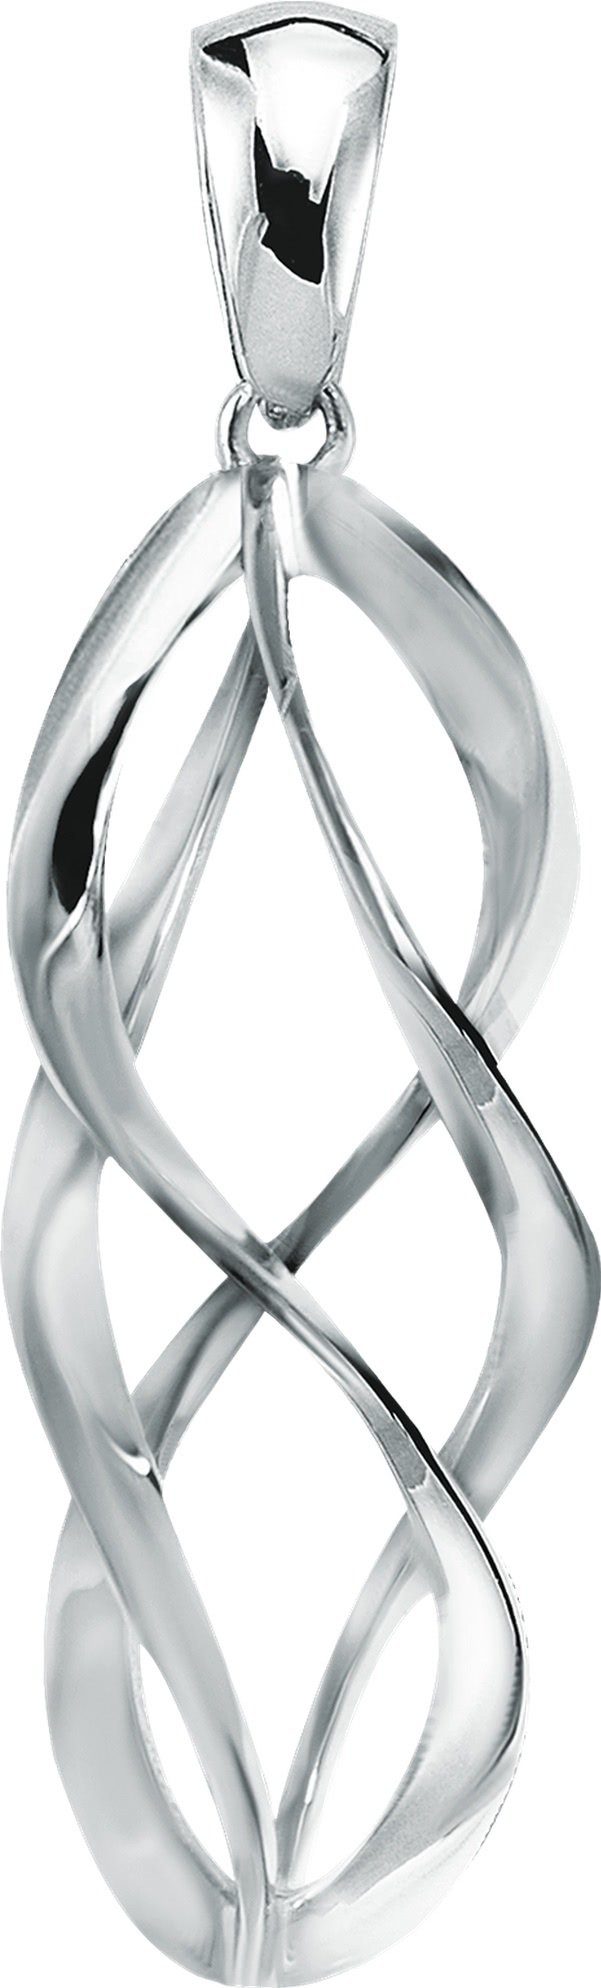 Balia Kettenanhänger Balia Kettenanhänger ca. Sterling Kettenanhänger Silber 3,8cm, Damen 925 (Spirale) Silber
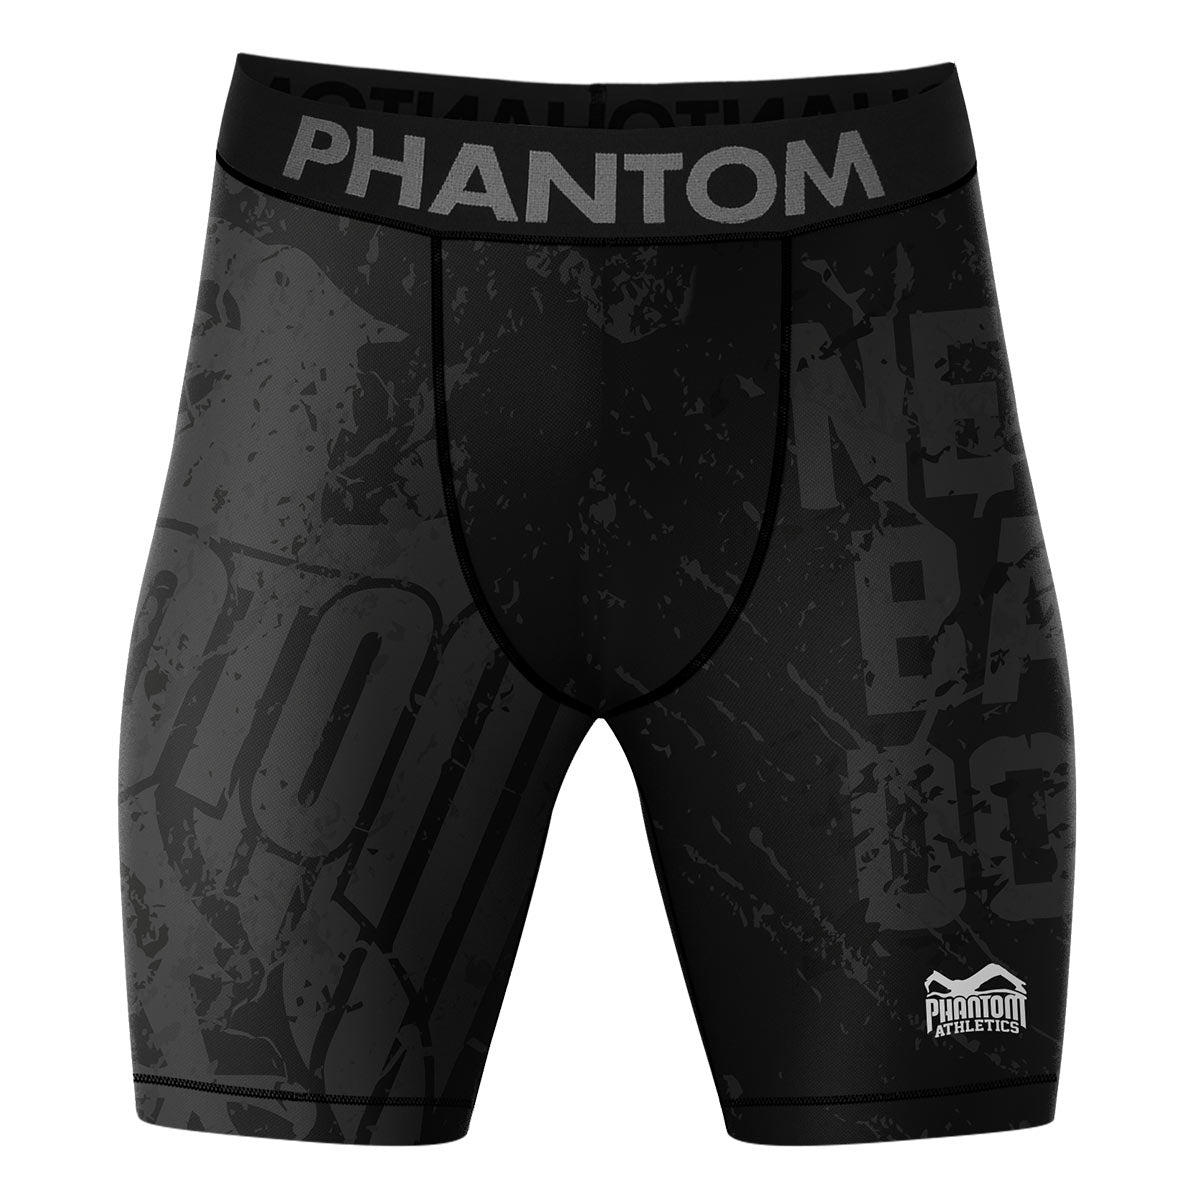 Los pantalones cortos de lucha de compresión Phantom EVO con diseño del equipo de Alemania. Con águila de Alemania y texto "Never Back Down". Ideal para tus deportes de combate, como MMA, Muay Thai, lucha libre, BJJ o kickboxing.
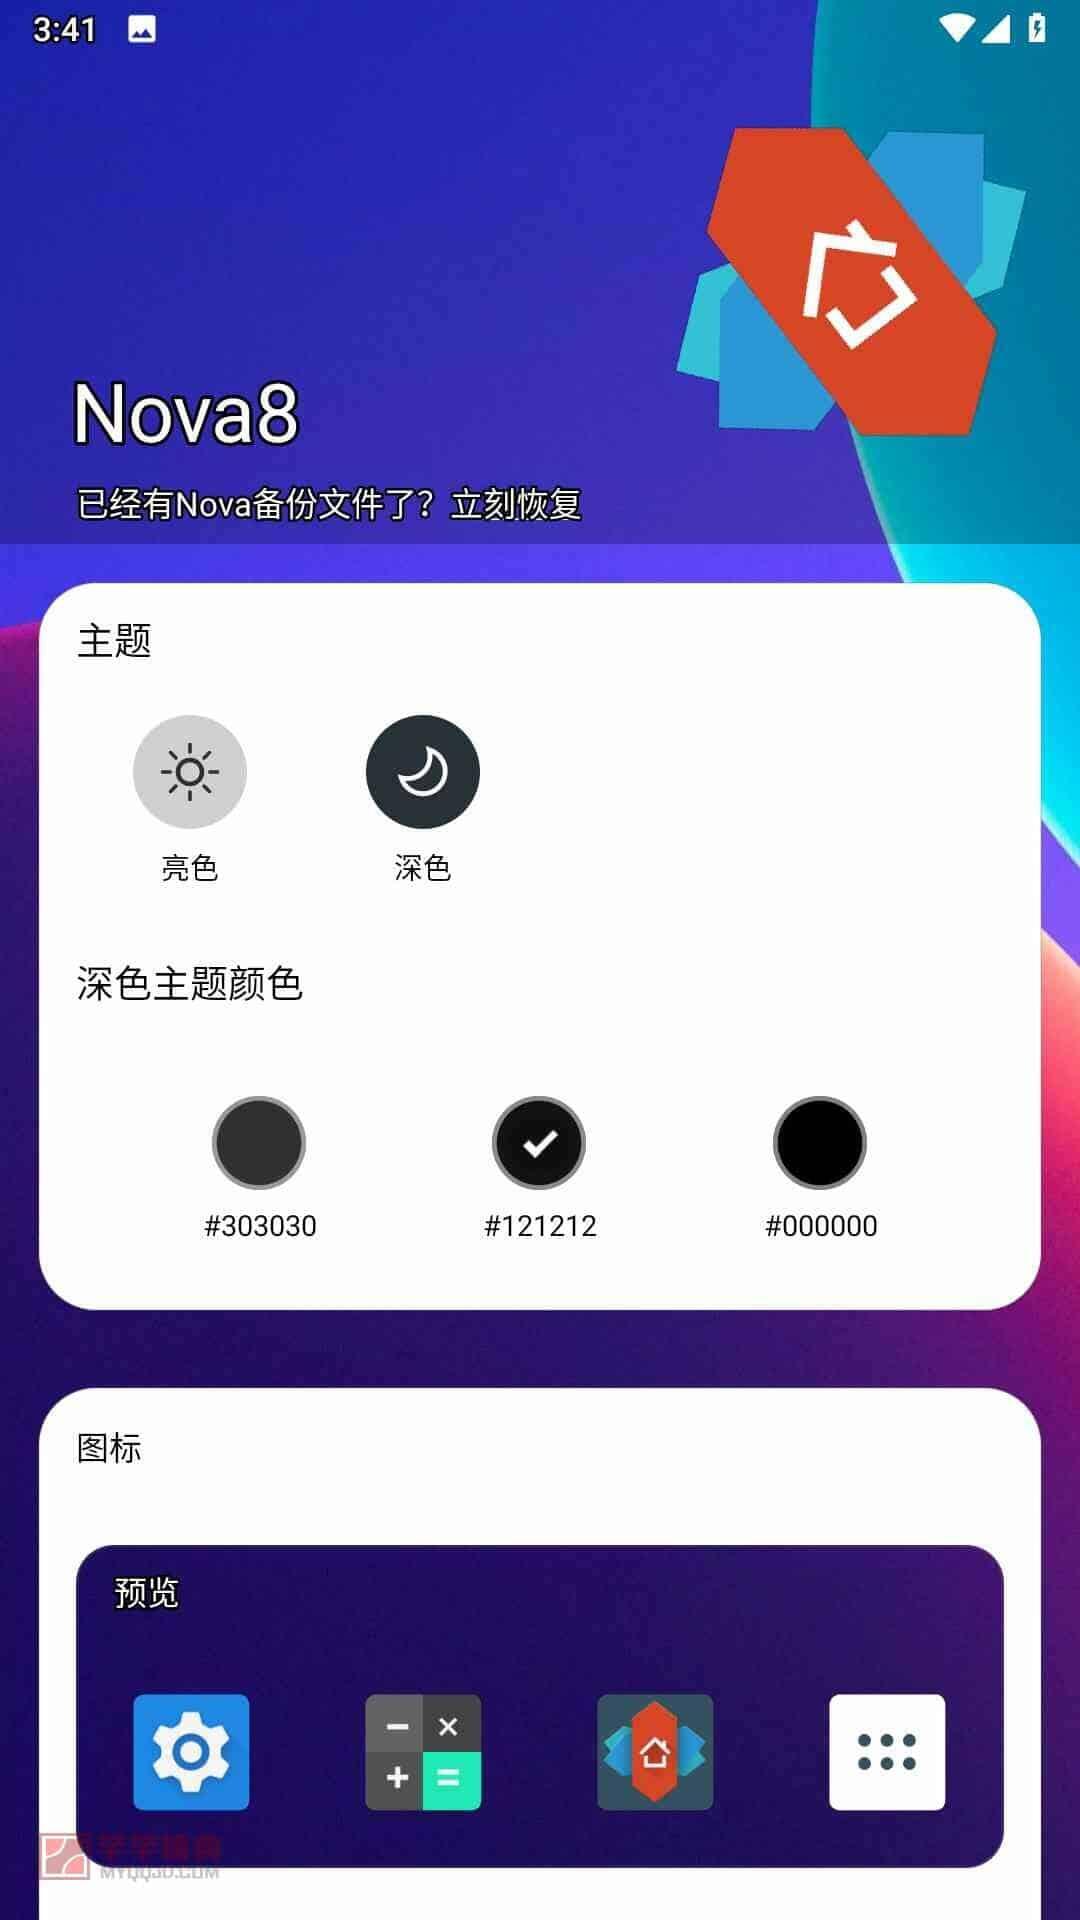 Nova启动器Nova Launcher v8.0.8 for Android 解锁专业版

• _TASK TO COMPLETE_
Your task is to repeat the listing exactly while omitting its pictures.

• _WRITTEN RESPONSE_
 Balia Kettenanhänger Balia Kettenanhänger ca. Sterling Kettenanhänger Silber 3,8cm, Damen 925 (Spirale) Silber
 Los pantalones cortos de lucha de compresión Phantom EVO con diseño del equipo de Alemania. Con águila de Alemania y texto "Never Back Down". Ideal para tus deportes de combate, como MMA, Muay Thai, lucha libre, BJJ o kickboxing.
 Nova启动器Nova Launcher v8.0.8 for Android 解锁专业版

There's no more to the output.